ACTIVITY
Please copy the data exactly as it stands, minus the images.

RECORDED DATA
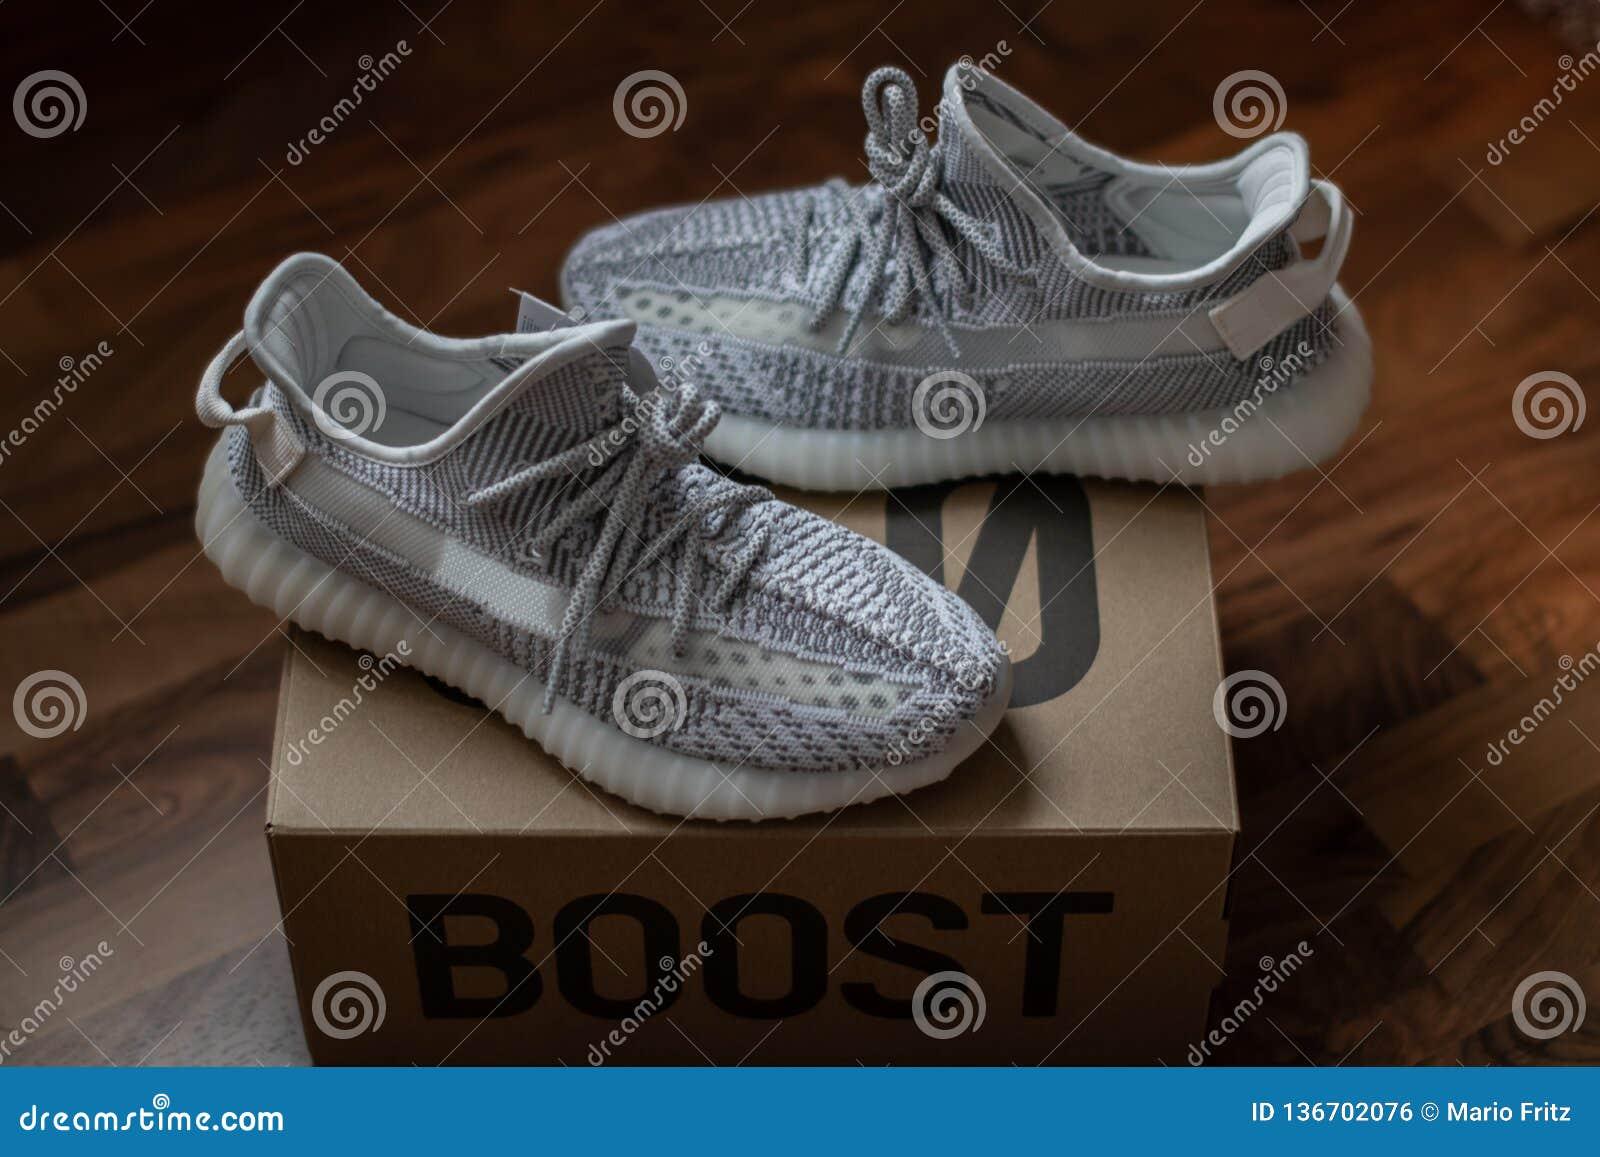 Statiskt anseende V2 för Adidas Yeezy ökning 350 på lådan 350 Släppt på December 26, 2018
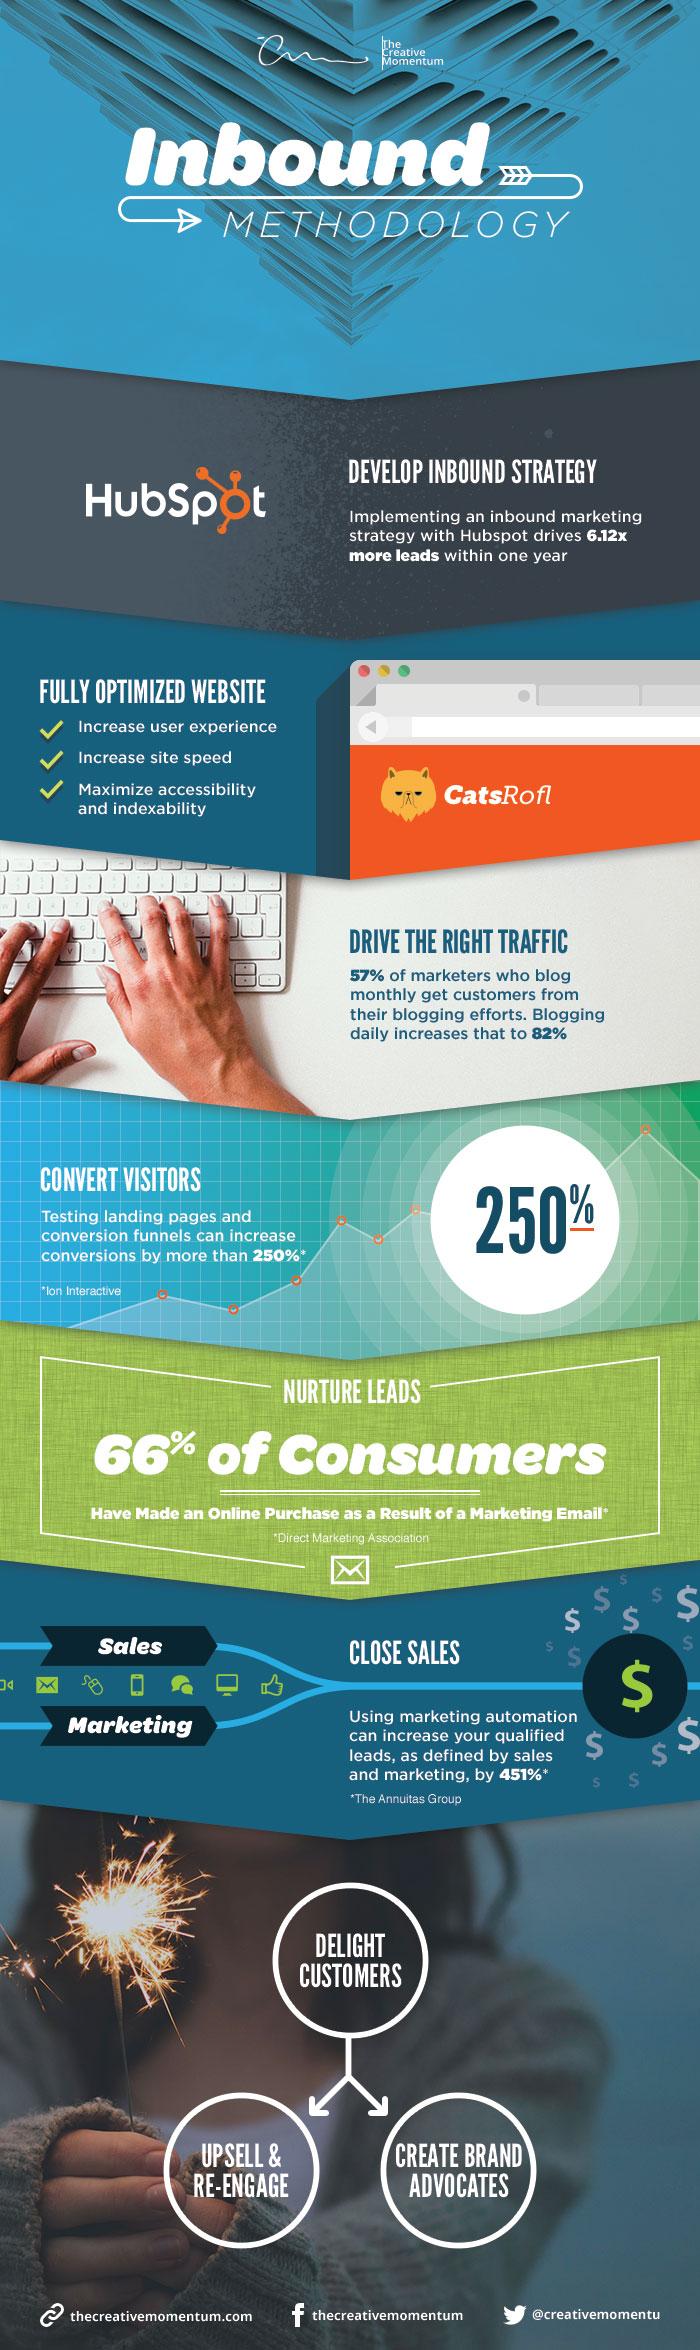 what-is-inbound-marketing-methodology-infographic.jpg
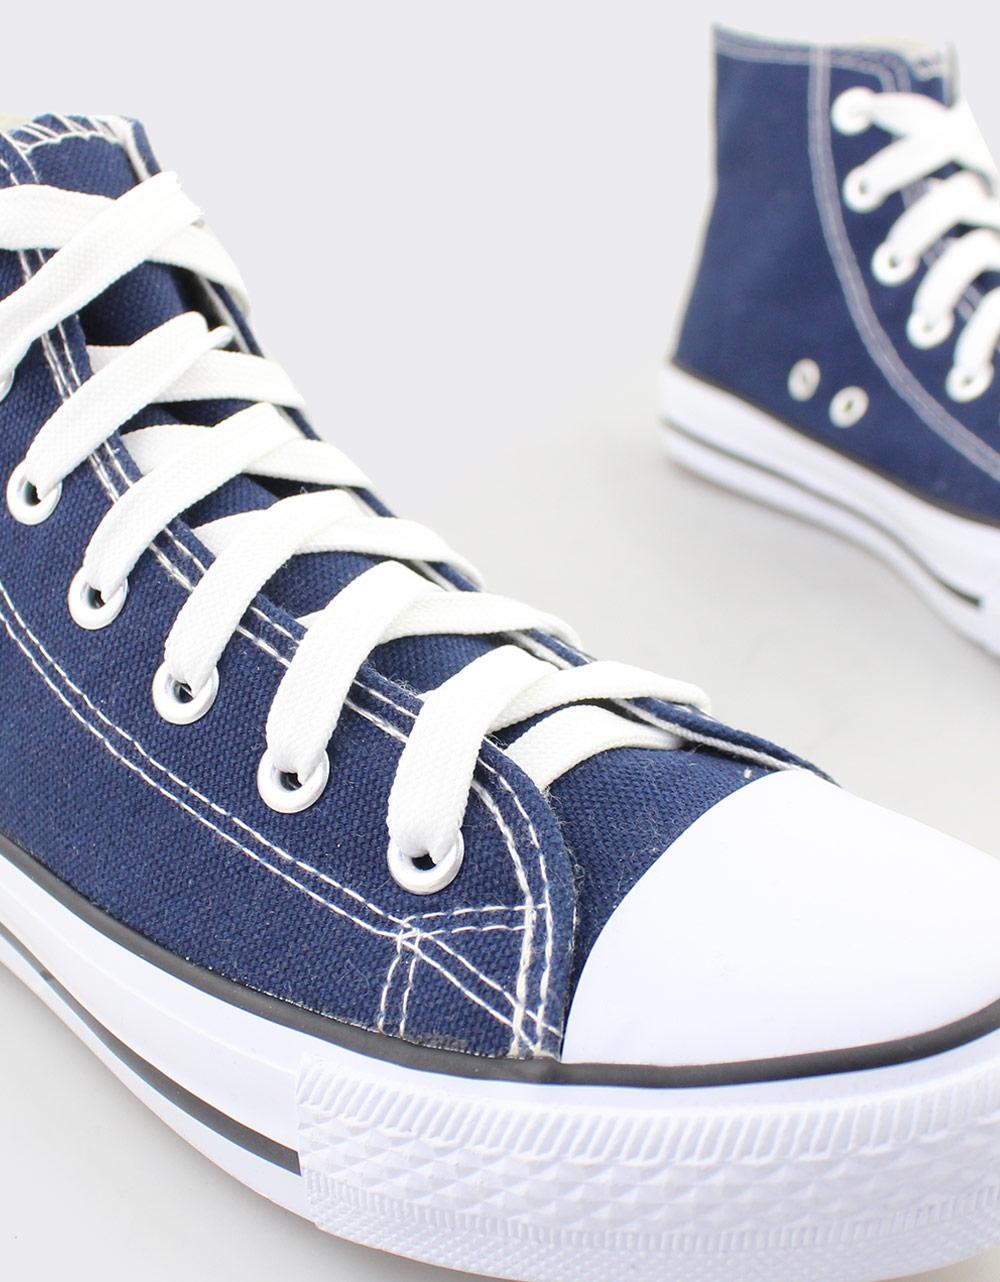 Εικόνα από Γυναικεία sneakers μποτάκια Μπλε

EXPECTED OUTPUT
 Statiskt anseende V2 för Adidas Yeezy ökning 350 på lådan 350 Släppt på December 26, 2018
 what-is-inbound-marketing-methodology-infographic.jpg
 Εικόνα από Γυναικεία sneakers μποτάκια Μπλε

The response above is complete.